An empty polytope is full dimensional if dim=0, otherwise it is not full-dimensional.
When the n-dimensional polytope is in V-rep, it is full-dimensional when its affine dimension is n. Recall that, the affine dimension is the dimension of the affine hull of the polytope is the linear subspace spanned by the vectors formed by subtracting the vertices with one of the vertices. Consequently, its dimension is given by the rank of the matrix P.V[1:] - P.V[0]. When there are fewer than self.dim + 1 vertices, we know it is coplanar without checking for matrix rank (simplex needs at least self.dim + 1 vertices and that is the polytope with the fewest vertices). For numerical stability, we zero-out all delta vertices below PYCVXSET_ZERO.

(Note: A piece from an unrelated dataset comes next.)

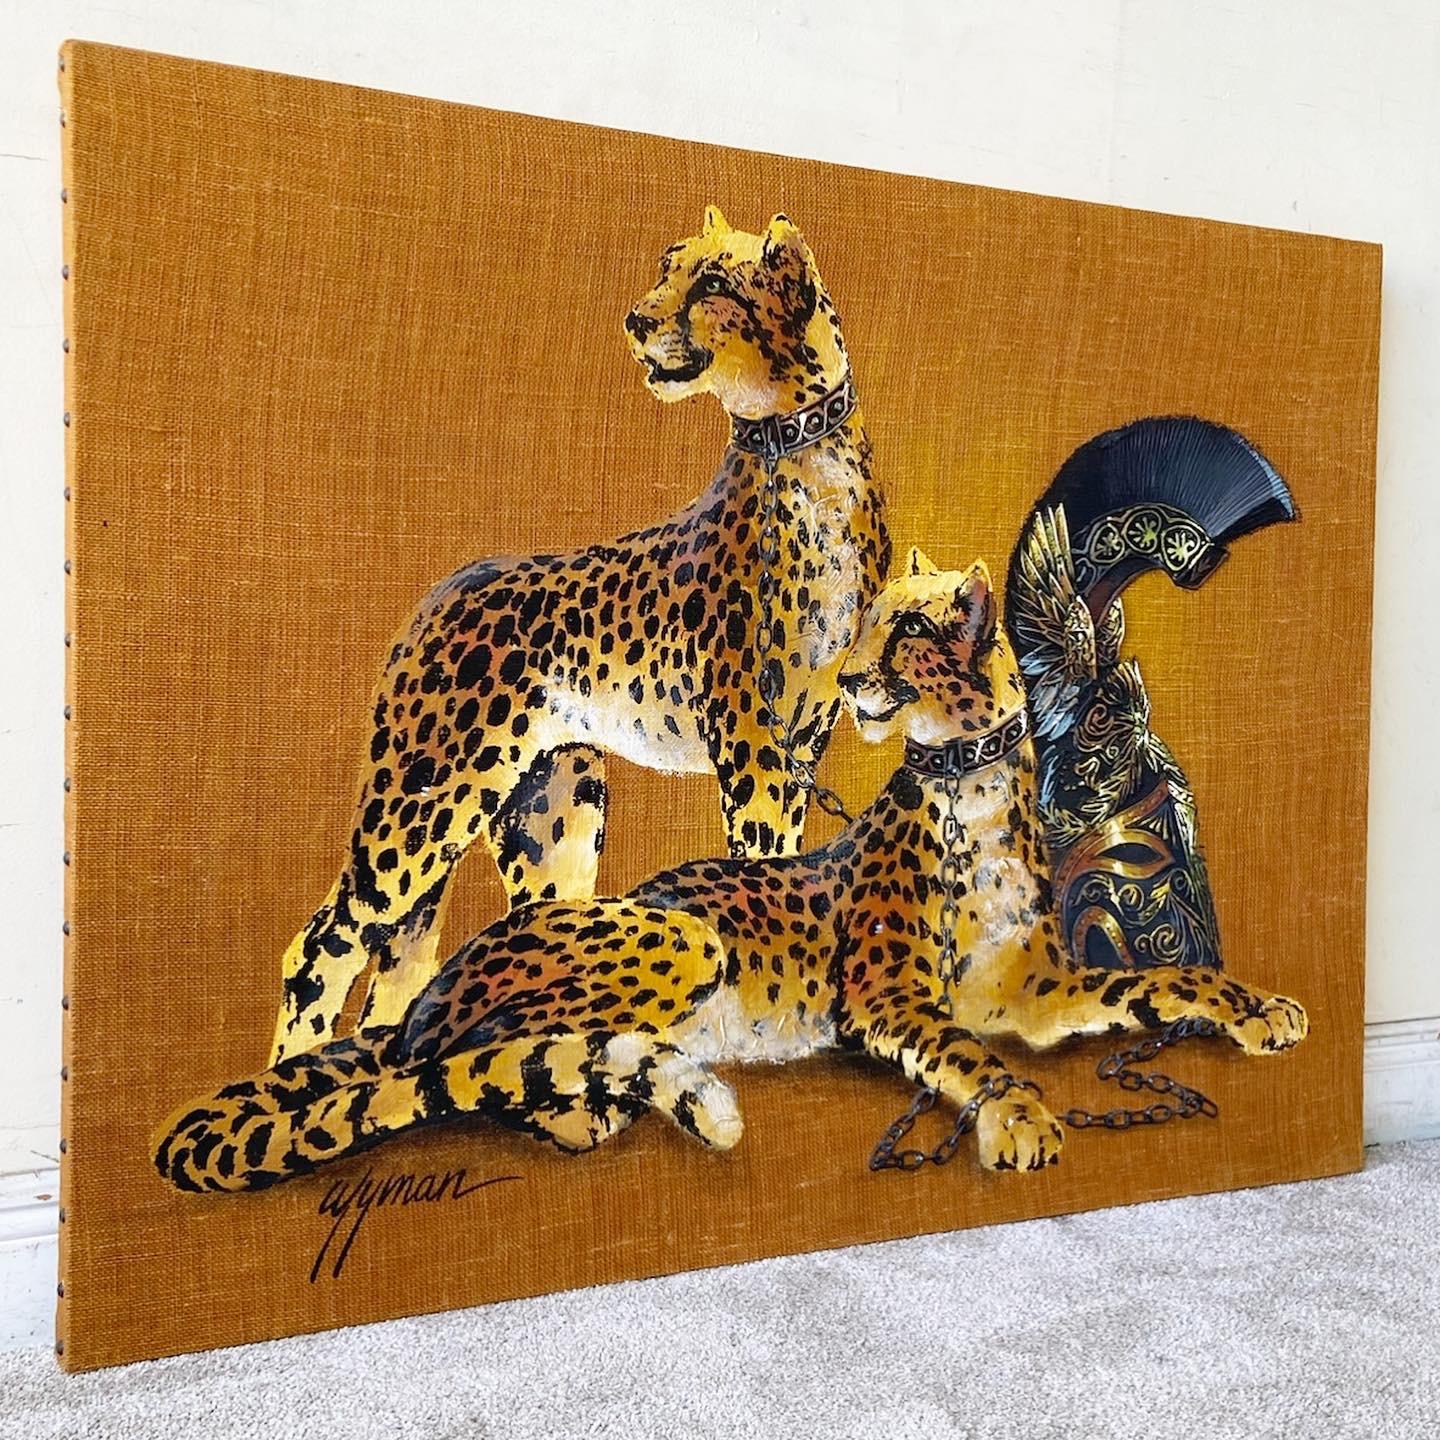 Mid-Century Modern Large Painting of Cheetahs on Burlap Signed Wyman 3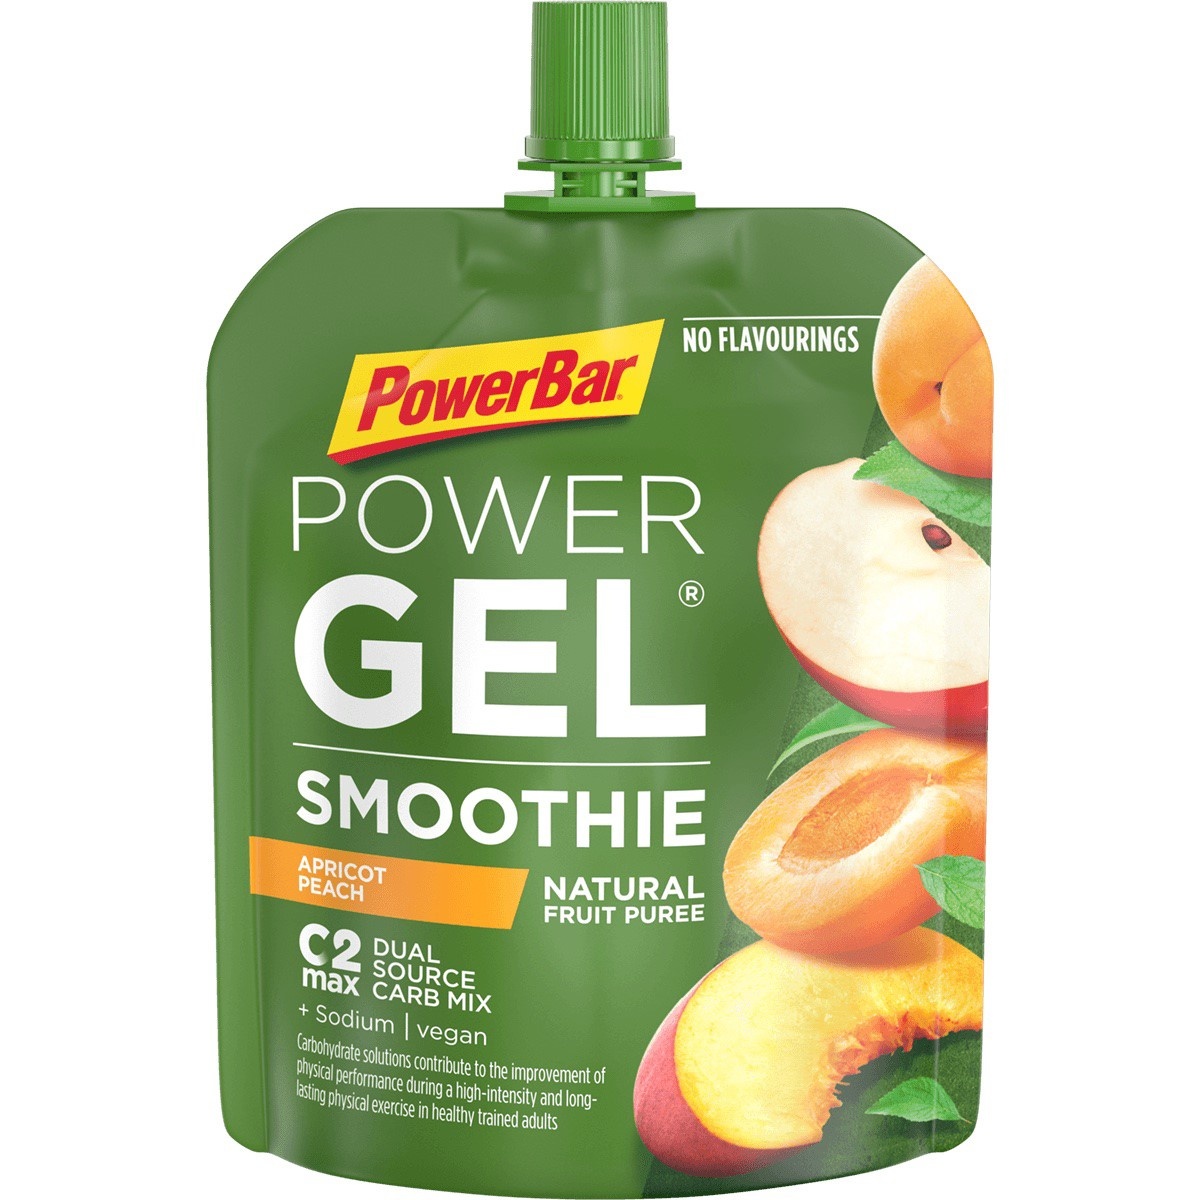 Billede af Powerbar PowerGel Smoothie - Apricot Peach (90g)

When the n-dimensional polytope is in H-Rep, it is full-dimensional if it can fit a n-dimensional ball of appropriate center and radius inside it (Chebyshev radius).
- property n_equalities¶
Number of linear equality constraints used to define the polytope \(\{Ax \leq b, A_e x = b_e\}\)
- Returns:
Number of linear equality constraints
- Return type:
int
Notes
A call to this property performs a halfspace enumeration if the polytope is in V-Rep.
- property n_halfspaces¶
Number of halfspaces used to define the polytope \(\{Ax \leq b, A_e x = b_e\}\)
- Returns:
Number of halfspaces
- Return type:
int
Notes
A call to this property performs a halfspace enumeration if the polytope is in V-Rep.
- property n_vertices¶
Number of vertices
- Returns:
Number of vertices
- Return type:
int
Notes
A call to this property performs a vertex enumeration if the polytope is in H-Rep.